Currently, agricultural users pay around Rs38 per unit, while industrial consumers pay Rs34 per unit — a major burden on production and exports.
If approved, the new power relief package will take effect immediately after the Prime Minister’s formal approval, expected within the next few days.
🎯 Aim: Affordable and Predictable Energy for Growth
Sources say the plan is designed to create predictable, affordable, and long-term energy pricing for key economic sectors.
“The goal is to boost productivity, stabilize prices, and strengthen food security and exports,” an official explained. “We want these sectors to plan confidently without fear of unexpected tariff hikes.”
The package especially benefits consumers who use additional electricity beyond their normal consumption, encouraging higher production output.
🏭 Impact on Agriculture and Industry
This major reduction will help farmers and manufacturers cut operational costs, improve competitiveness, and potentially lower prices for essential goods.
Experts believe this move could revitalize Pakistan’s industrial base and support rural development, both of which have suffered due to high energy prices.
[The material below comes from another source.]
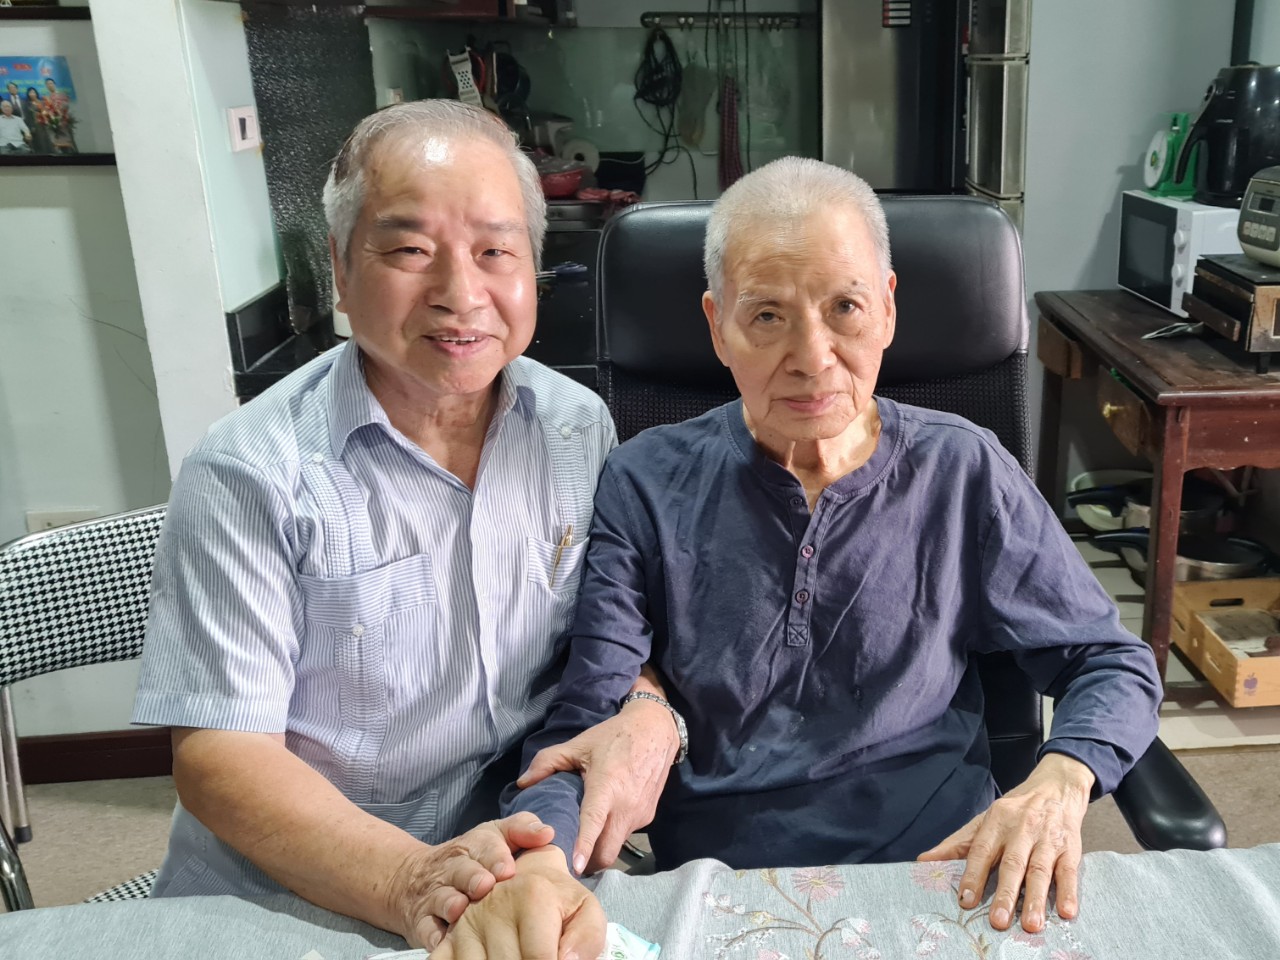 Cuối năm 2020, TS Nguyễn Kim Sơn (trái) đến thăm GS Trần Phương (phải) khi ông còn minh mẫn

🧾 CPPA Petitions NEPRA for Additional Rate Cut
In a related move, the Central Power Purchasing Agency (CPPA) has filed a petition with the National Electric Power Regulatory Authority (NEPRA) seeking an additional reduction of 37 paisas per unit under the Fuel Cost Adjustment (FCA) mechanism.
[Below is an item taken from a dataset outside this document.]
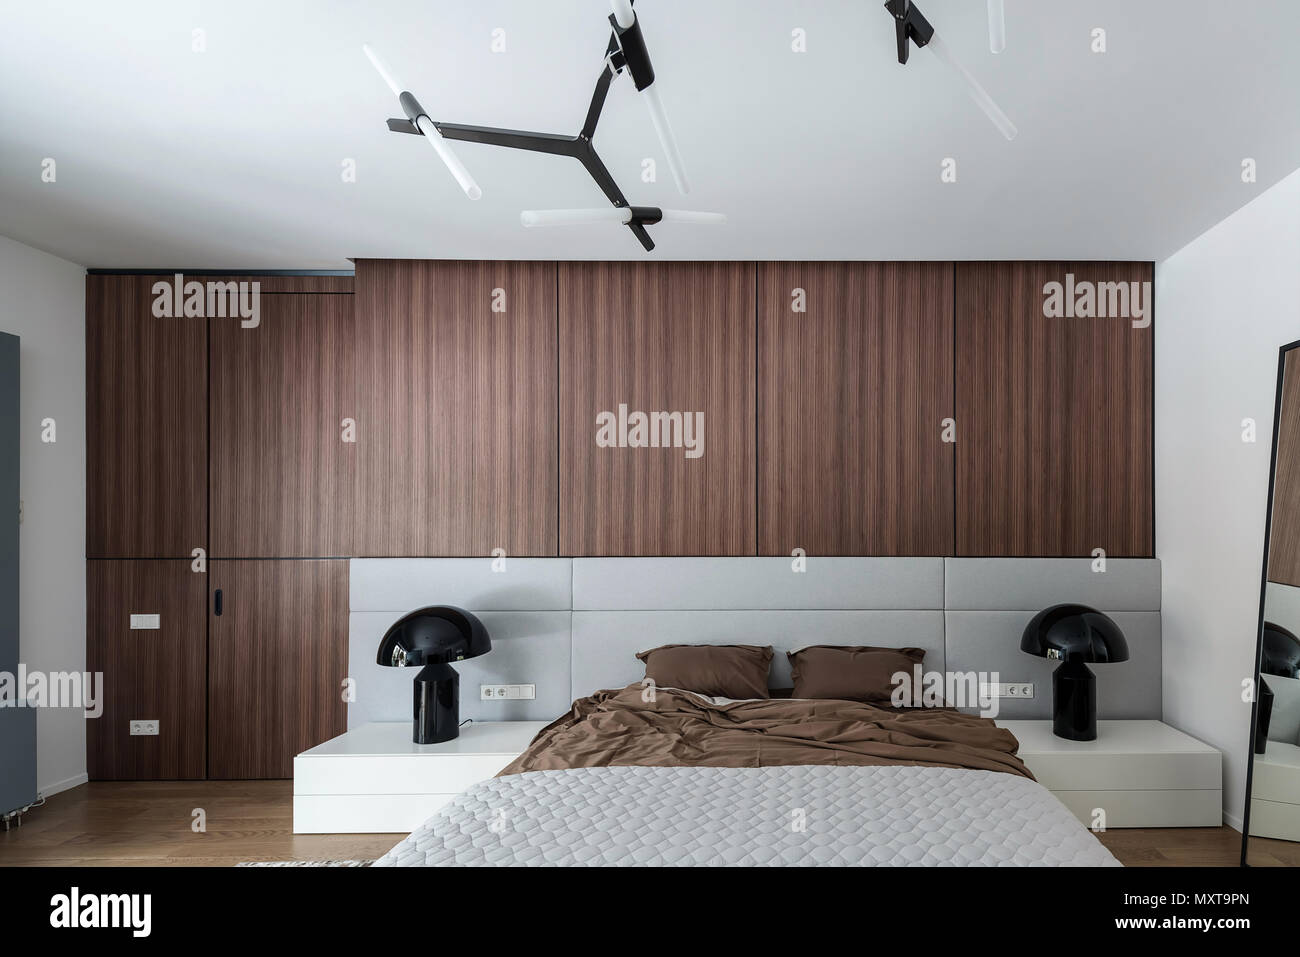 Modernes Schlafzimmer mit weißen Wänden und einem Parkett auf dem Fußboden. Es gibt ein Bett mit brauner Bettwäsche und einem Grau karierte, Spiegel, schwarzem Lampen auf steht, Stockfoto

NEPRA is scheduled to hold a public hearing on October 29 to review and decide on the proposal.
⚙️ NEPRA Review of K-Electric’s Tariff Structure
Meanwhile, the Power Division welcomed NEPRA’s review of K-Electric’s Multi-Year Tariff (MYT), calling it an important step toward transparency and fairness in the power sector.
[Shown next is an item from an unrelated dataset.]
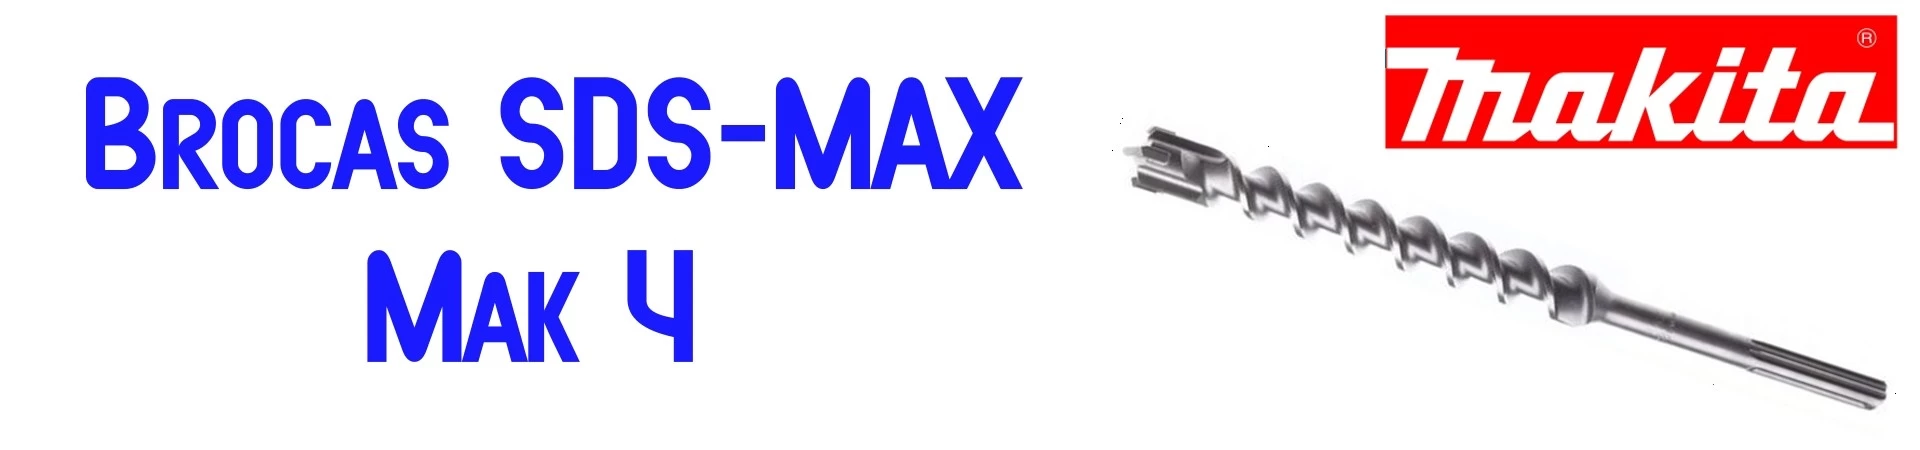 Brocas SDS-MAX Mak 4

“This review aligns K-Electric’s tariff framework with other national power companies,” a Power Division spokesperson said.
“It eliminates outdated components like foreign currency-linked returns and loss allowances that were inconsistent with national standards.”
The spokesperson clarified that the decision is not a financial burden on consumers but a regulatory correction to ensure uniformity and transparency across all electricity providers.
💬 Clarification on Karachi’s Subsidy
Rejecting social media claims that Karachi’s power subsidy has been removed, the Power Division confirmed that the Rs7 per unit subsidy remains intact under the national uniform tariff policy.
“No relief has been withdrawn from Karachi consumers,” the spokesperson emphasized. “The MYT review only affects K-Electric’s internal revenue structure, not the final electricity rate for consumers.”
The clarification also noted that any reduction in subsidies means lower government spending, not reduced consumer benefits.
🌱 A Step Toward Stability and Economic Growth
The proposed power tariff cut represents one of the government’s most significant energy reforms in years.
By making electricity more affordable, especially for agriculture and industry, the plan aims to stimulate growth, enhance export competitiveness, and ease inflationary pressure on the economy.
With approval expected soon, Pakistan’s power sector could be entering a new phase of stability, transparency, and affordability — providing a much-needed boost to the nation’s economic revival.